Hemos creído en el papel que se nos ha dado de generación en generación, del que no hubo opción alternativa.
Nuestras lágrimas de sangre lloran por la identidad confusa, desaparecida y perdida.
Nos desprendemos de aquello superfluo, de lo que lleva a una hiriente naturalidad.
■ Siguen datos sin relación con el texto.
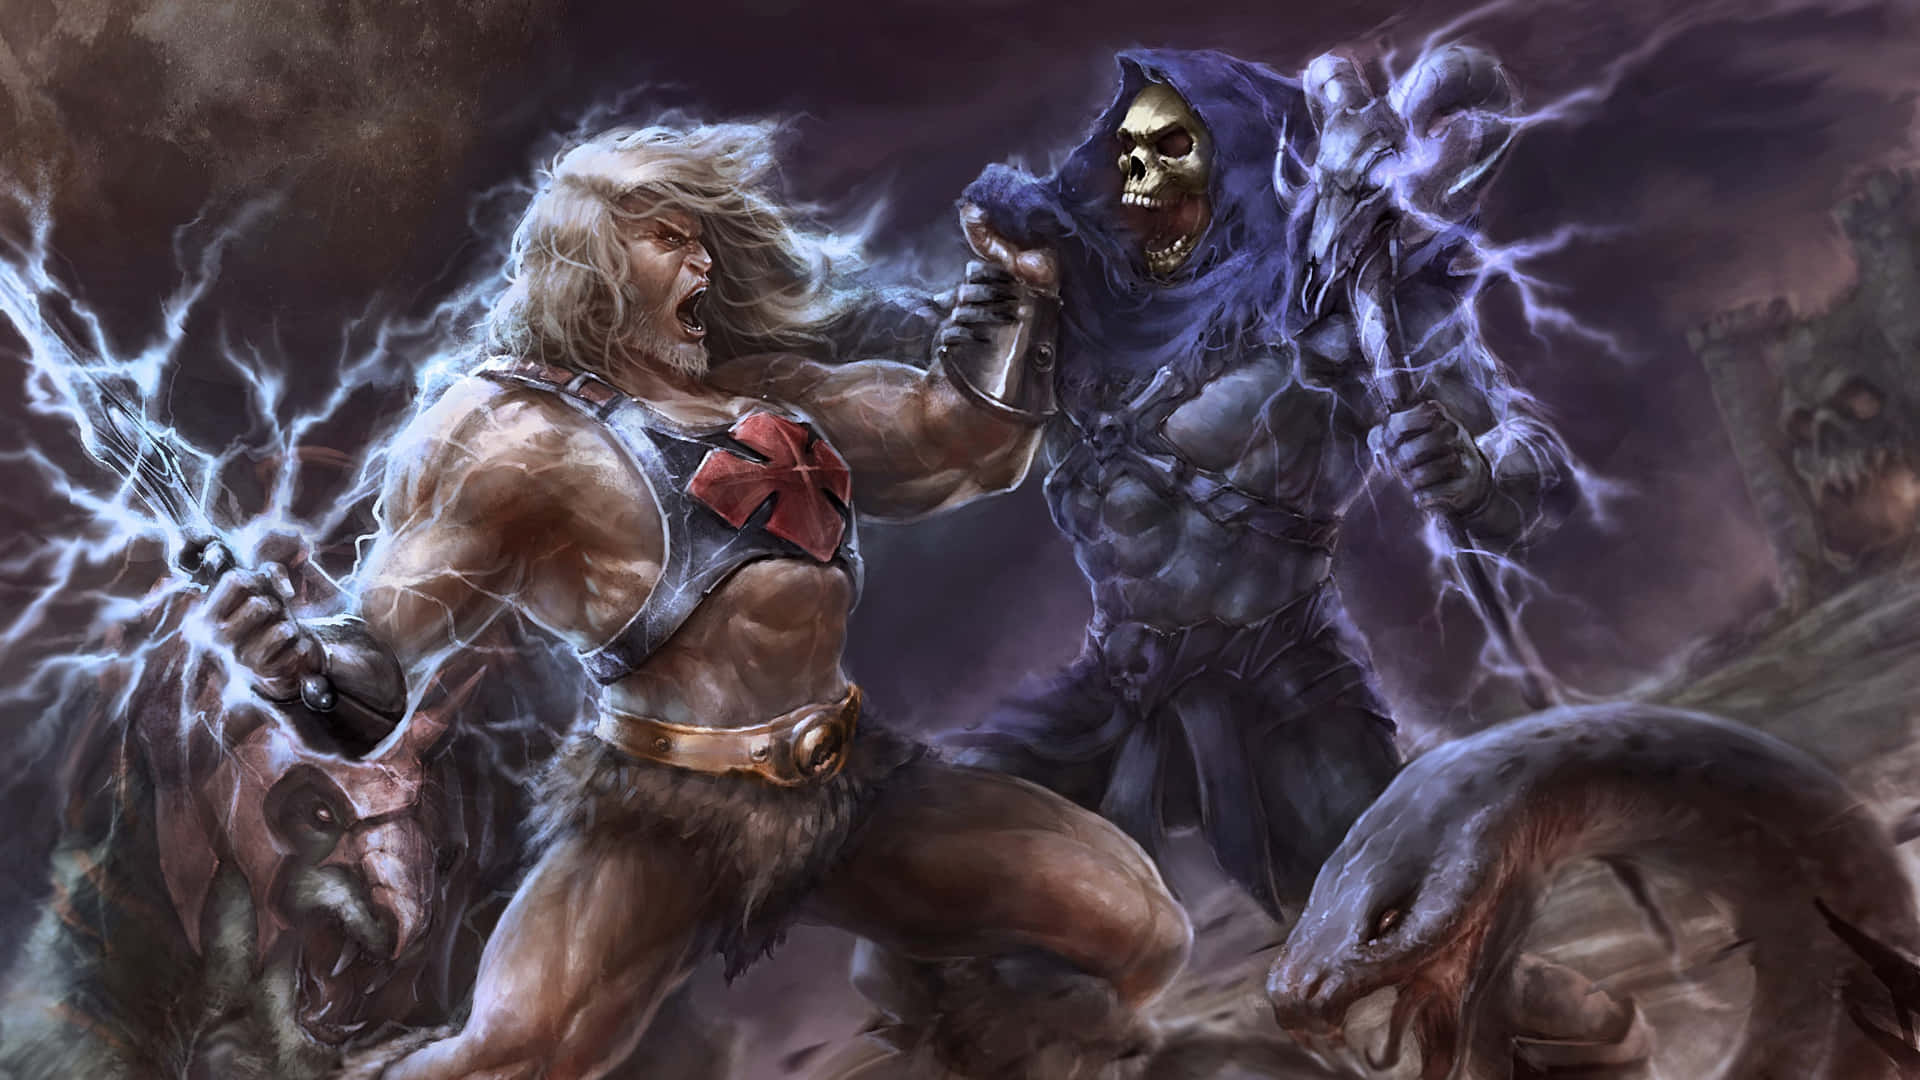 He-man And Skeleton Fighting In The Dark Background

El desenmascarar es lento, profundo y doloroso.
Hemos de ensayar lenguajes diferentes, más directos y claros, cuando se hace referencia a nuestro cuerpo, la mujer ha de dejar de ser, en primer lugar, la representación de su cuerpo.
El cuerpo de una mujer sólo le pertenece a ella misma, es la lección que han de practicar con más persistencia las mujeres del futuro.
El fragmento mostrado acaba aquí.